Elle sourit à l’homme et lui remit le fruit, qu’il se chargerait de porter.

— Alors, poursuivons-nous l’exécution du plan A ?

— Oui, à présent que nous avons de quoi faire une dizaine de repas.

— Neuf, le reprit Nicole en riant. J’ai apporté une légère correction à mon estimation après avoir pu constater que vous aviez un appétit féroce.


* * *

Ils s’éloignèrent du hangar, en direction de l’esplanade ouest. Ils la quadrillèrent et passèrent au peigne fin les étroites ruelles proches, sans y trouver de quoi improviser la moindre embarcation. Richard vit un myriapode qui traversait la place en diagonale et il fit tout son possible pour l’inciter à s’arrêter. Il alla même jusqu’à s’allonger devant le biote et lui assener des coups de sac à dos sur la tête, sans susciter de réaction. Nicole riait, lorsqu’il revint vers elle en grommelant.

— Ce machin n’a aucune utilité, se plaignit-il. À quoi diable pourrait-il servir ? Il ne transporte rien. Il n’a pas le moindre capteur ou détecteur visible. Il se contente de se balader.

— La technologie d’une espèce extraterrestre à ce point évoluée s’apparente pour nous à de la magie, le cita-t-elle.

— Ce mille-pattes n’a rien de magique, rétorqua-t-il, irrité par son ironie. Il est seulement stupide !

— Qu’auriez-vous fait, s’il s’était arrêté ?

— Eh bien, je l’aurais étudié. N’est-ce pas évident ?

— J’estime que nous aurions intérêt à ne pas disperser nos efforts. Je doute qu’un biote de ce genre puisse nous aider à quitter cette île.

— Il est évident que nous nous y prenons mal. Nous ne trouverons rien à la surface d’un monde où des biotes font régulièrement le ménage. Nous devrions poursuivre nos recherches au-dessous, par exemple dans l’antre de ces êtres volants. Le radar multi-spectral nous permettra de localiser les endroits où le sol est creux.
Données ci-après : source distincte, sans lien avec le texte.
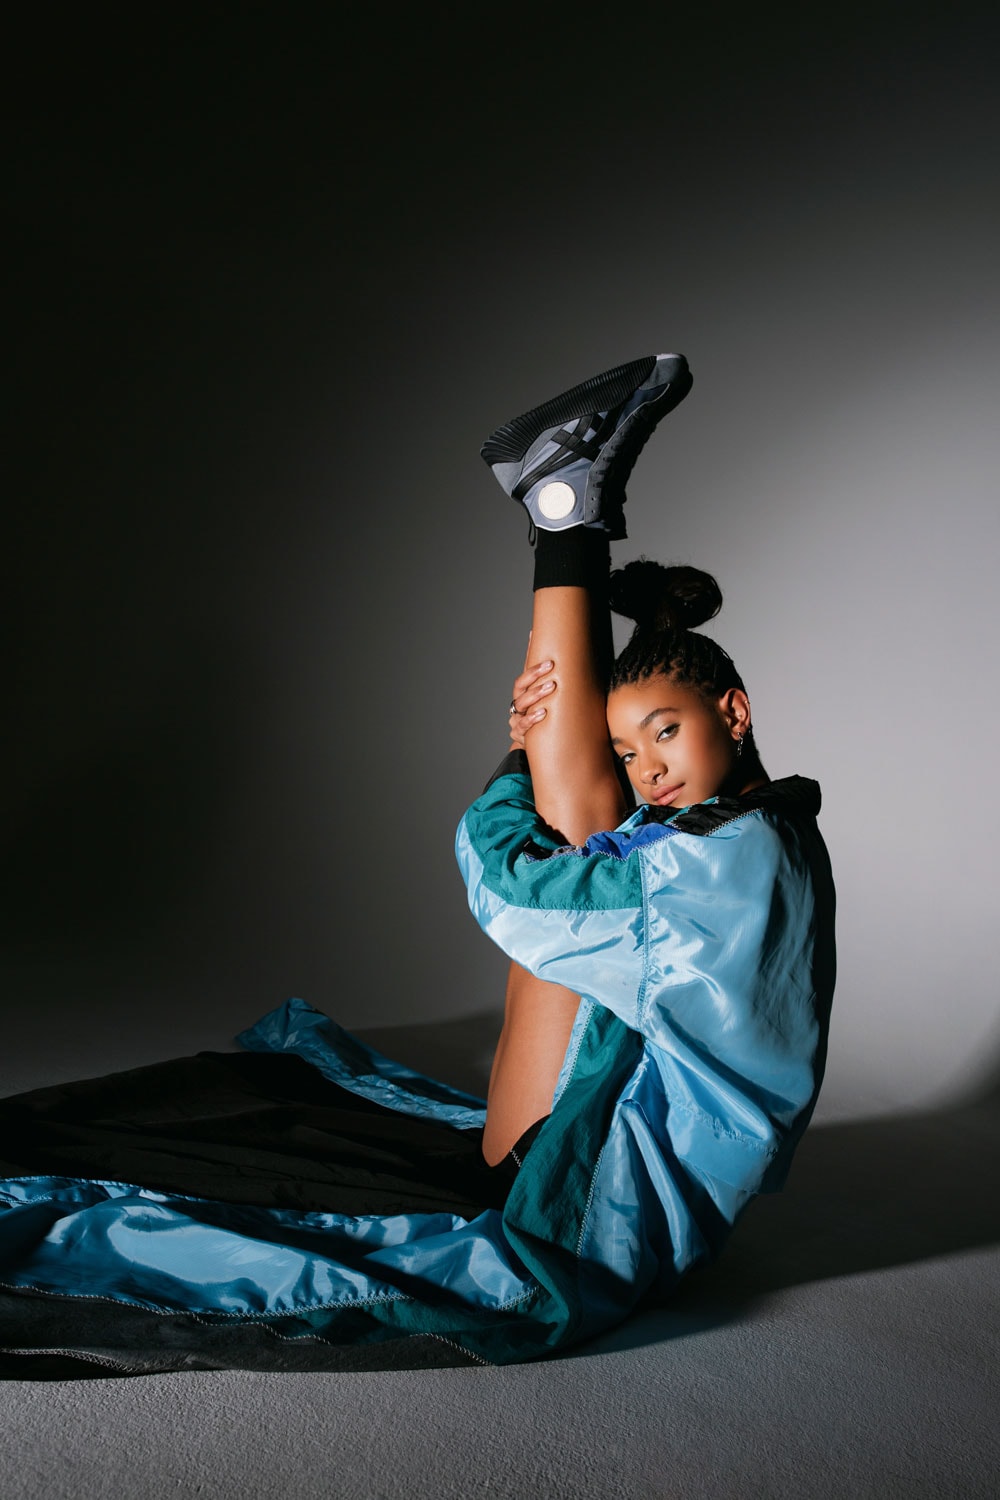 onitsuka tiger spring summer 2021 campaign willow smith

Repérer un autre trou leur prit du temps, bien qu’il fût à seulement deux cents mètres du centre de l’esplanade ouest. Tout d’abord, Richard et Nicole n’élargirent pas suffisamment le champ de leurs explorations. Au bout d’une heure, ils comprirent qu’ils ne trouveraient rien sous la place et s’éloignèrent dans les petites rues et impasses du voisinage, au-delà des avenues concentriques. Ils remarquèrent une nouvelle trappe au centre d’une venelle bordée sur trois côtés par de hauts immeubles. Elle était bien visible et avait les mêmes dimensions que celle de l’antre des aviens : dix mètres sur six.